Гордеев с удивлением наблюдал за происходящим и, когда официант закончил работу, коротко хохотнул:
— Во-первых, я не заказывал. А во-вторых, у меня бабла на это не хватит.
— Это презент.
— От кого?
— От Светланы Ивановны. Она сейчас поднимется.
Официант удалился, Артур с приятным удивлением обошел вокруг стола, отщипнул румяное крылышко курицы, пожевал.
— О-о… Нормалек…
В дверь снова коротко стукнули, и на этот раз в номер вошла сама хозяйка гостиницы — накрашенная, с уложенной прической, в яркой одежде, которая подчеркивала ее пышные формы.
— Не помешаю, котик?
— Боже! — развел парень руками. — Упаду и не встану.
— Рано, — с удовольствием рассмеялась Светлана. — Сначала поешь, потом хоть падай, хоть вставай.
— А ты за компанию?
— Шутник, — рассмеялась Светлана. — Тут заказ как раз на двоих.
— Вас понял. — Гордеев отодвинул стул, помог ей сесть. — А в честь чего гуляем?
— В честь знакомства. Третий день в гостинице, а как неродной.
— Погуляем и забьемся в родственном экстазе?
— Как ты сказал? — Светлана уловила в этих словах приятную двусмысленность, прикрыла рот ладошкой. — В каком экстазе?
— В родственном.
— Прямо сразу?
— Можем постепенно!
Светлана стала громко хохотать, раскачиваясь вперед и назад:
— Ну, парень… ну, шутник. Сказанет такое…
Артур тоже смеялся, не столько смущенно, сколько с удовольствием.
— А чего особенного? Выпьем, побалакаем, а там и родственные чувства пробьются. Разве я не прав?
— Не знаю. Посмотрим. Открывай шампань.
— Слушаюсь. — Гордеев взял бутылку, содрал фольгу, хлопнул пробкой, разлил по фужерам. — За приятную встречу!

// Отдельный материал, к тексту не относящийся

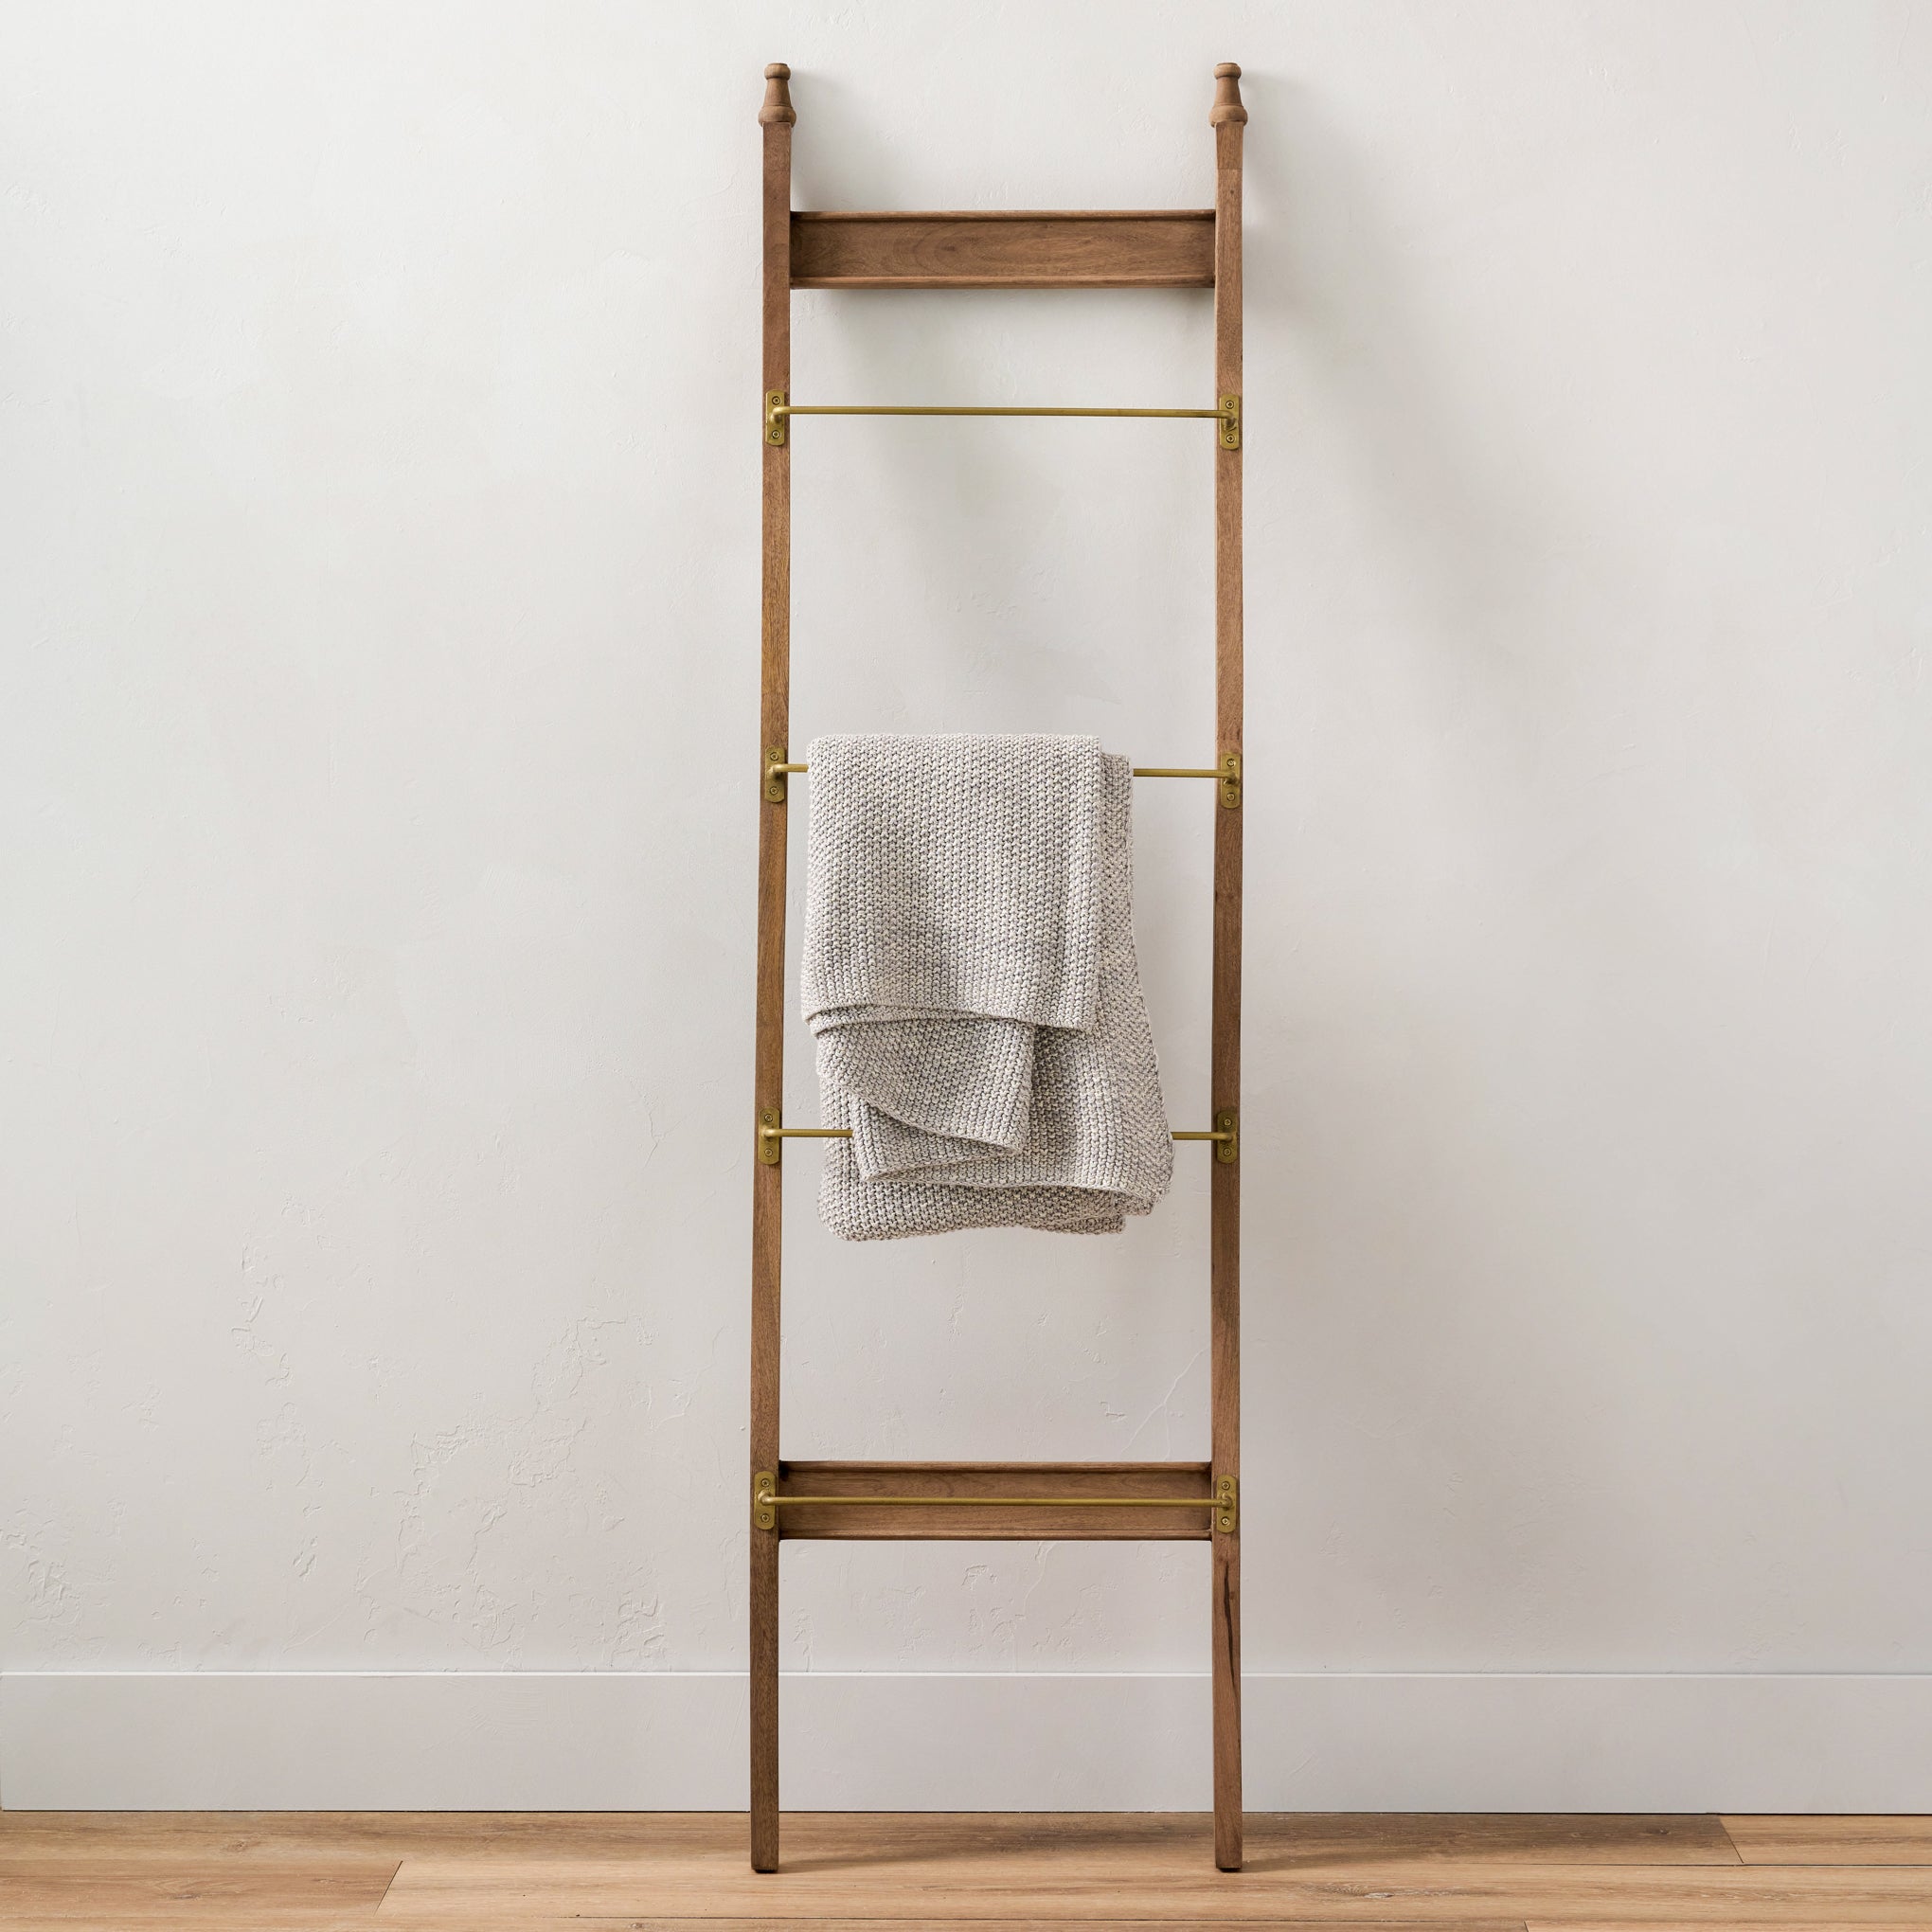 Brass and Wood Library Ladder with blanket hanging $108.00

— Взаимно! Но на брудершафт пока не пойдем, — с хохотком предупредила Светлана.
Чокнулись, выпили. Артур принялся есть с удовольствием, без спешки.
Светлана, наблюдая за ним, поинтересовалась:
— Любимая еще не прорезалась?
— Кто? — поднял глаза Артур.
— Тонька.
— Не прорезалась. Обещала звонить, сам не решаюсь.
— Михаила боишься?
— Не, не боюсь. Просто лишний гемор не нужен.
— А мне позвонила. Про тебя спрашивала.
— Как она? — спросил Артур.
— Погано. Мишка побил.
— Иди ты! — Артур перестал жевать.
— Причем сильно… Лежит, еле, говорит, передвигается.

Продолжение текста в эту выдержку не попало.